Following are excerpts from a current NPR report:
The Consumer Financial Protection Bureau has dropped its lawsuit against the operator of payment platform Zelle and three of its parent banks, in the latest move by the Trump administration to undo actions of the bureau's prior leadership. The bureau had filed the lawsuit in late December against the operator of Zelle, Bank of America, JPMorgan Chase and Wells Fargo "for failing to protect consumers from widespread fraud." Customers of the top three banks lost more than $870 million over seven years due to the banks' failures to protect them, according to the CFPB.

"This is about financial institutions fulfilling their basic obligations to protect customers' money and help fraud victims recover their losses," then-CFPB Director Rohit Chopra said at the time. "These banks broke the law by running a payment system that made fraud easy, and then refusing to help the victims."

However, that was then. On Tuesday the administration dropped its case against Zelle, according to a filing in U.S. District Court in Arizona.

Zelle and its parent banks are just the latest enforcement target to be abandoned by the CFPB, which is currently led by acting director Russell Vought. Last week the bureau dropped cases it was litigating against five companies including Capital One, Rocket Homes and others. It had earlier dropped its case against online lending platform SoLo Funds.

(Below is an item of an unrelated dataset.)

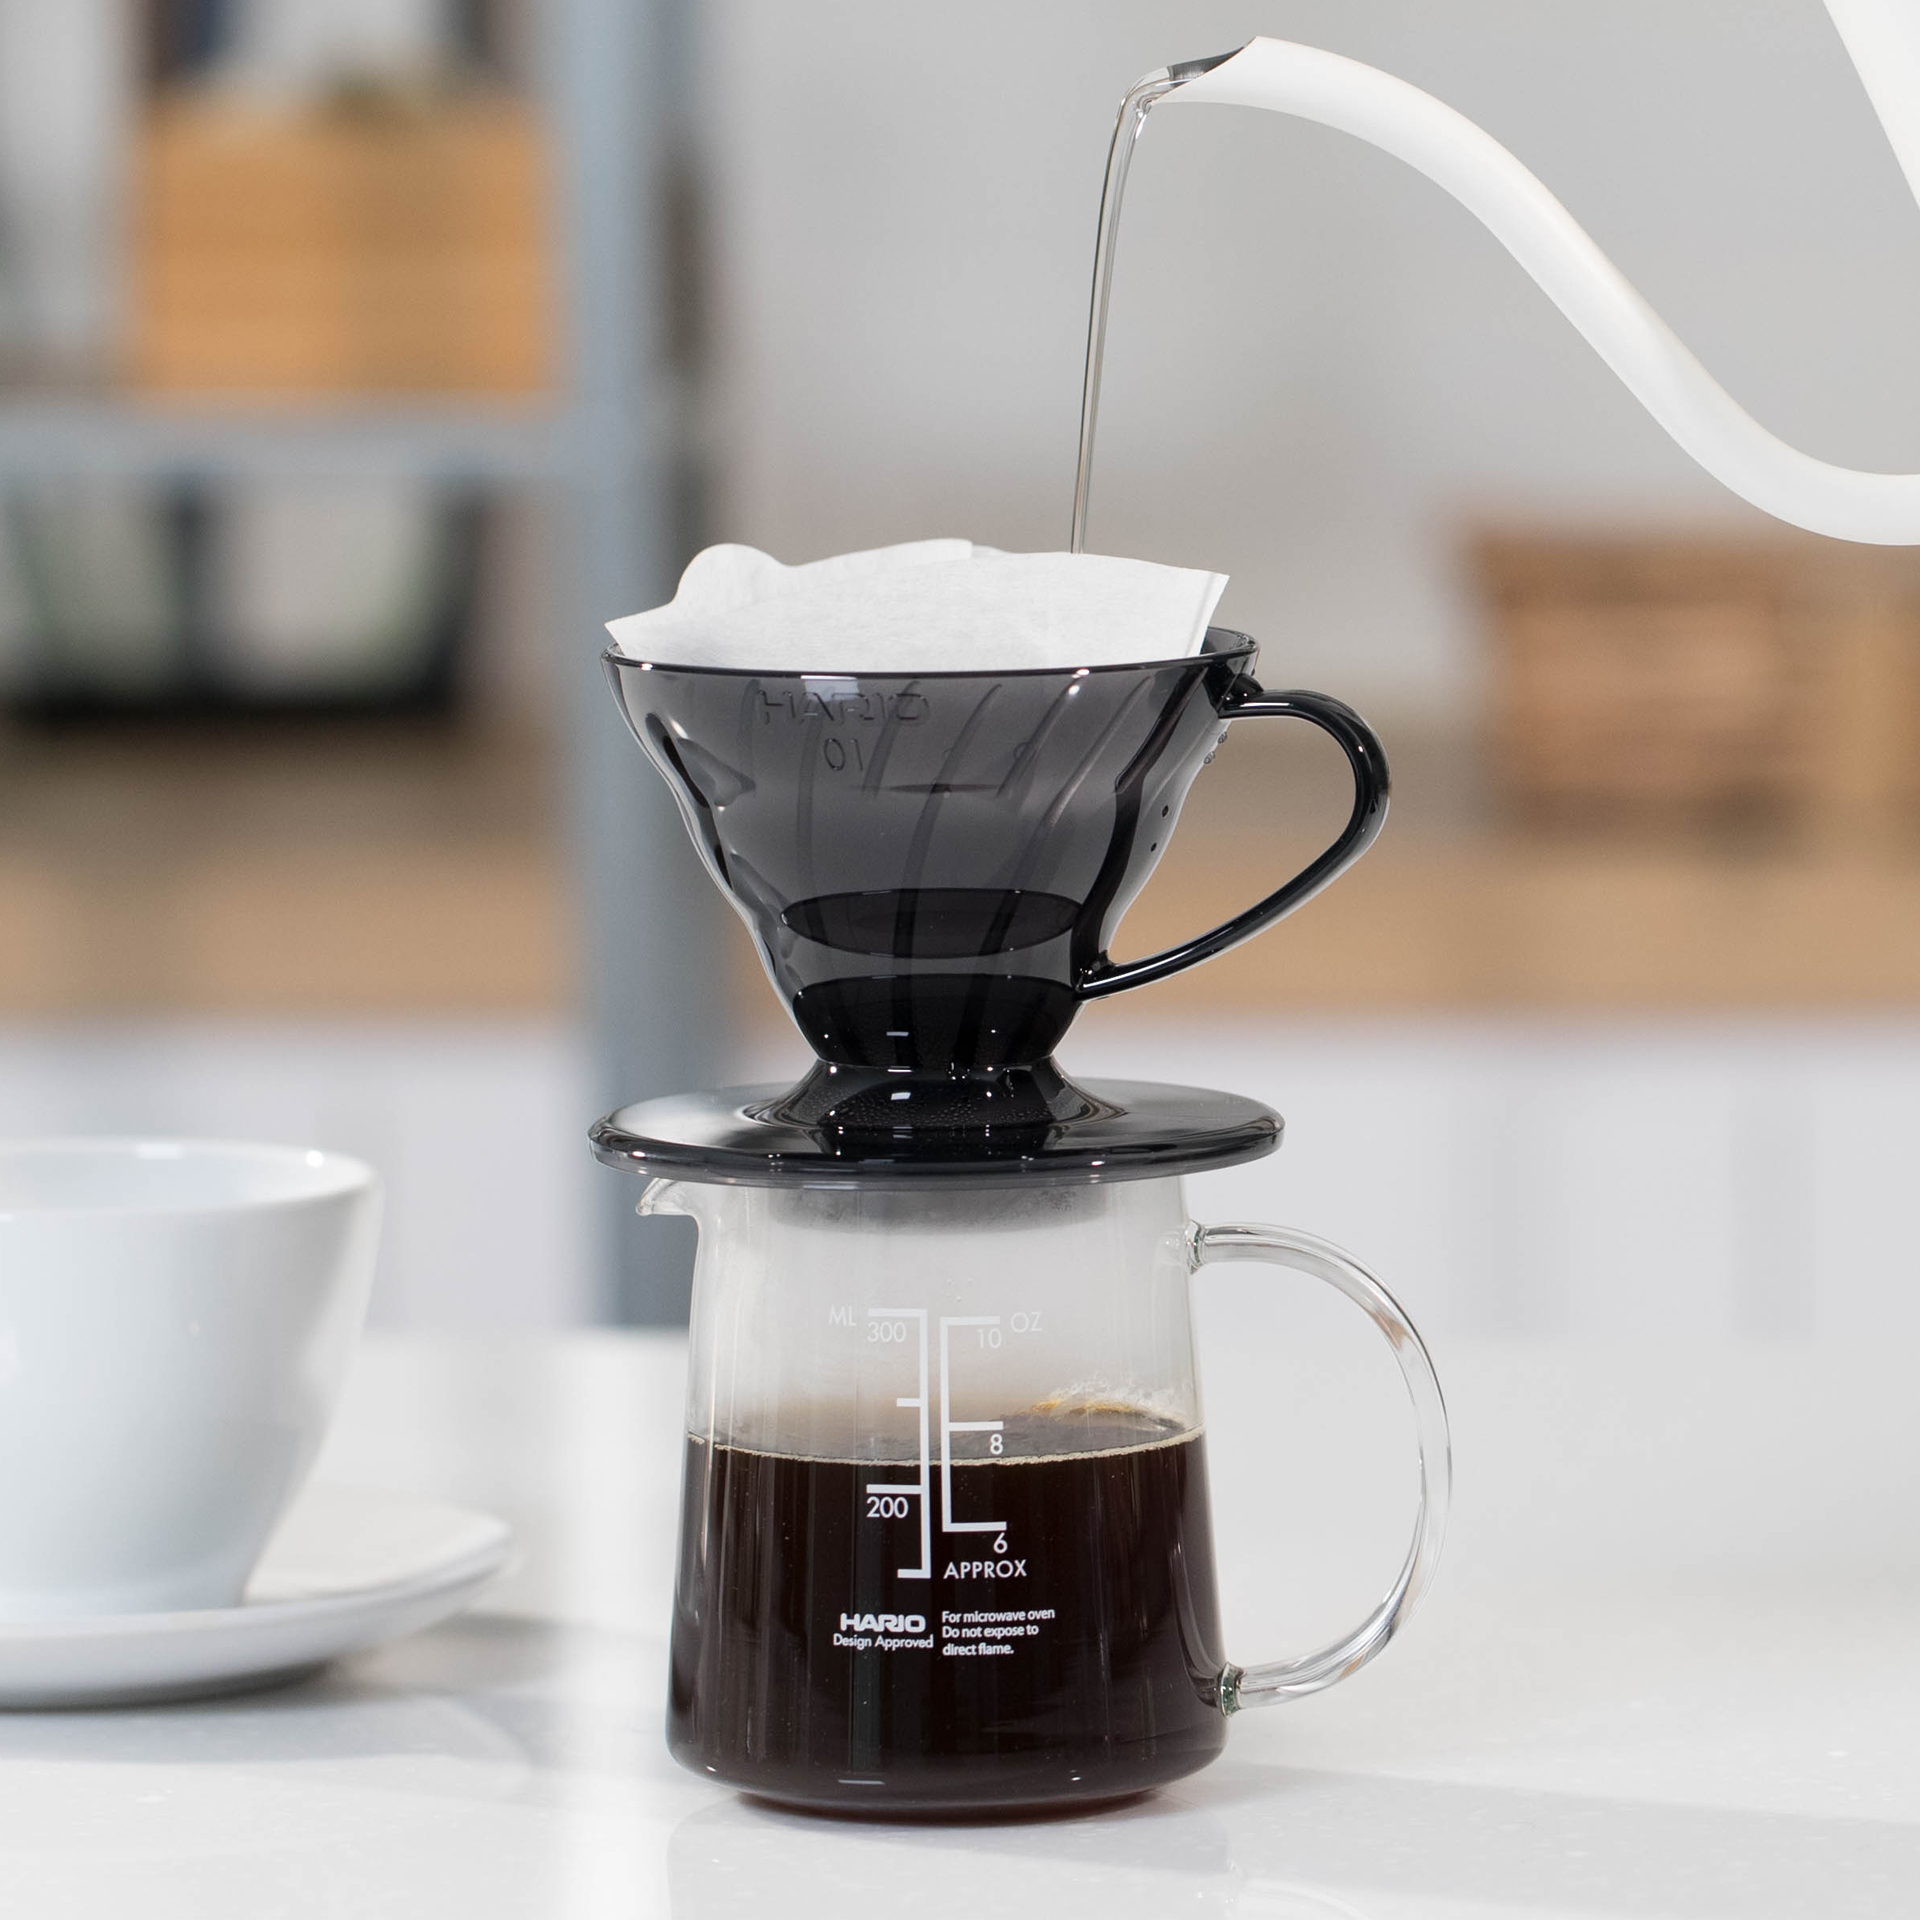 【贈品】HARIO V60 濾杯咖啡壺組

The CFPB has also been decimated in a matter of weeks, with agency's employees ordered to stop essentially all work, while some 150 employees have been fired. The bureau's D.C. headquarters has also been shuttered.

Comments

  • It comes across as a giant conspiracy to set up an easily executed giant transfer of wealth from whoever is deliberately or randomly chosen to be a victim. (Yes, I know that is a leap but ... Russia?) Makes me wonder if a customer of one of these banks were NOT signed up for the Zelle service would they still be vulnerable?
  • Anna said:

    It comes across as a giant conspiracy to set up an easily executed giant transfer of wealth from whoever is deliberately or randomly chosen to be a victim. (Yes, I know that is a leap but ... Russia?) Makes me wonder if a customer of one of these banks were NOT signed up for the Zelle service would they still be vulnerable?


    Russia? Russia? No, more like Israel.

  • edited March 5
    Anna said:

    It comes across as a giant conspiracy to set up an easily executed giant transfer of wealth from whoever is deliberately or randomly chosen to be a victim. (Yes, I know that is a leap but ... Russia?) Makes me wonder if a customer of one of these banks were NOT signed up for the Zelle service would they still be vulnerable?

    Not for the alleged fraud but there may be other vulnerabilities.

    I use Zelle in an account that never has material amount of money in it. Too many people are using Zelle and so I had to be on it. FYI - like Apple, I am not an early adopter of newer technology - I wait for kinks to be worked out.